另外，这篇Paper长达48页，所以这里这会总结改进方案的基本原理以及能获取到的好处，和存在的缺点，不具体讨论细节。 Linux内核基本的Block IO处理示意图:

optimizing-io-iopath

0x02 目前存在的问题

这些问题是针对高速存储硬件而言的，对于一些较低速的硬件如HHD，可能就不是问题。

High Software Latency 高软件延时

来源：

中断，目前一般使用中断的方式通知IO相关操作的消息；
Delayed Execution，延迟执行，对HHD中的常见优化；

Low Random Throughput，低随机操作的带宽

来源：

Narrow Device I/O Interface，狭隘的设备IO接口，只留出的操作的余地很小；
Disk-Oriented Configuration，主要是面向HHD的一些设计，比如CFQ IO调度器，粗粒度的timer，预读确实高成本；

0x03 优化的基本的方法和性能相关值的度量

对于优化基本的方向就是两个：

Reducing per-request latency，减少每个请求的延时；
Amortizing per-request latency，平摊延时；

性能相关的值：

Device bandwidth，设备带宽，这个是有设备本身决定的；
Application throughput，应用带宽，应用能使用的带宽；
Hardware latency，硬件延时，这个也是由设备本身决定的；
Software latency，软件延时，从发出IO请求到得到IO请求完成通知的时间。

优化的6个基本阶段:

The optimizations are summarized in the following:
O1. using polling instead of interrupts;
O2. establishing a synchronous I/O path;
O3. dispatching discontiguous requests through an extended I/O interface;
O4. adjusting block I/O subsystem configurations to an SSD;
O5. avoiding harmful block prefetching; and
O6. using double buffering for I/O requests.

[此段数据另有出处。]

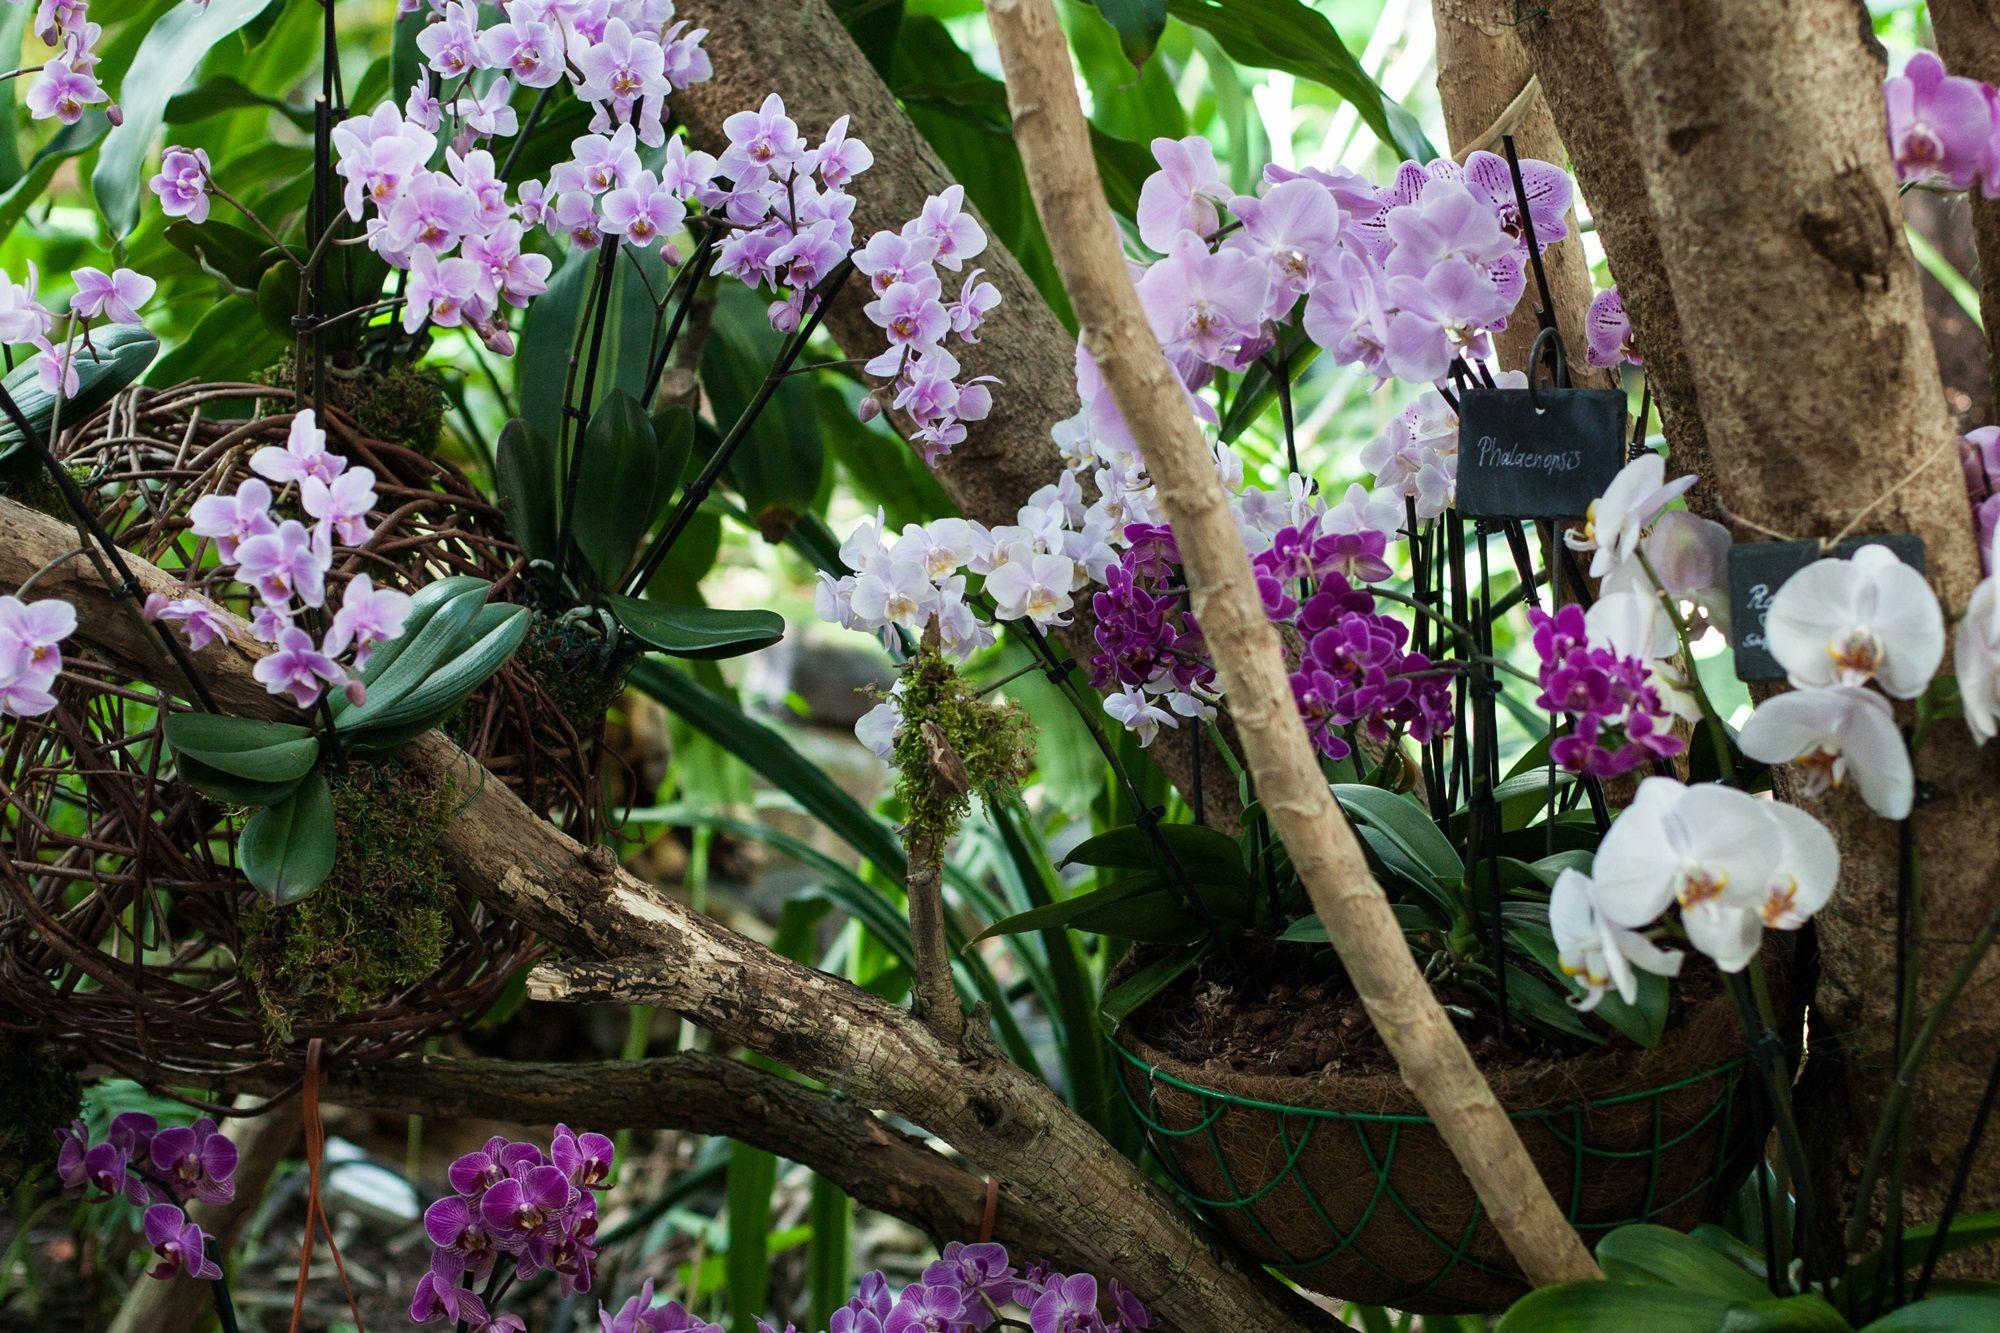 Orchideen in der Biosphäre Potsdam, Foto: Sabrina von der Heide

下面就是讨论了一些具体的方法，这里是从一个方法出发解决现有的问题，但方法本身也带来了额外的问题，然后提出改进策略，直到达到一个较好的结果。

0x04 SyncPath: Designing a Synchronous I/O Path

SyncPath设计为block layer的一个子系统，对应优化方法中的O1 O2。分为这些步骤处理IO请求:

预先为数据传输准备DMA缓冲区；
请求设备的互斥锁；
初始化DMA传输，然后轮询请求完全情况；
完成请求之后释放资源；
通知用户进程IO请求完成；

这里直接就绕开了现在处理方式。对于提高随机读写和顺序读以及随机的混合操作有正向的效果，对于顺序写由反向的效果。

O1 and O2 directly lead to performance improvement under several workloads. SyncPath attains a 1.58 ∼ 2.47 times improvement over SCSI INTR under the random read, the random write, and the random mixed workload.
...
On the contrary, the sequential write throughput drops from 479MB/s to 309MB/s, reaching the random write throughput. As SyncPath cannot take advantage of an I/O scheduler to merge contiguous write requests, the sequential write workload is handled in the same way as the random write workload.

0x05 Extending Device I/O Interface

SyncPath中表现出了没有合并写请求对顺序写性能的影响。现在Scatter-gather DMA I/O是一种常见的优化方式，这里提出了一种新的device IO接口，Scatter-Scatter I/O (SSIO) Interface。用于将不连续的主机内存里面的数据写入到存储设备不连续的段里面，反之同理。这利用了SSD内部的并行特性，给合并IO请求提供了额外的机会。这种方式也要求对DMA做出一些改进。

 The DMA engine of the DRAM-based SSD is customized accordingly by using a set of descriptors for an I/O request. A request descriptor represents a single mapping of {host memory segment, storage address segment, data size}. The Block Control Table (BCT) maintains 1,024 request descriptors, implying that the block I/O subsystem can dispatch up to 1,024 I/O requests at a time through the SSIO interface.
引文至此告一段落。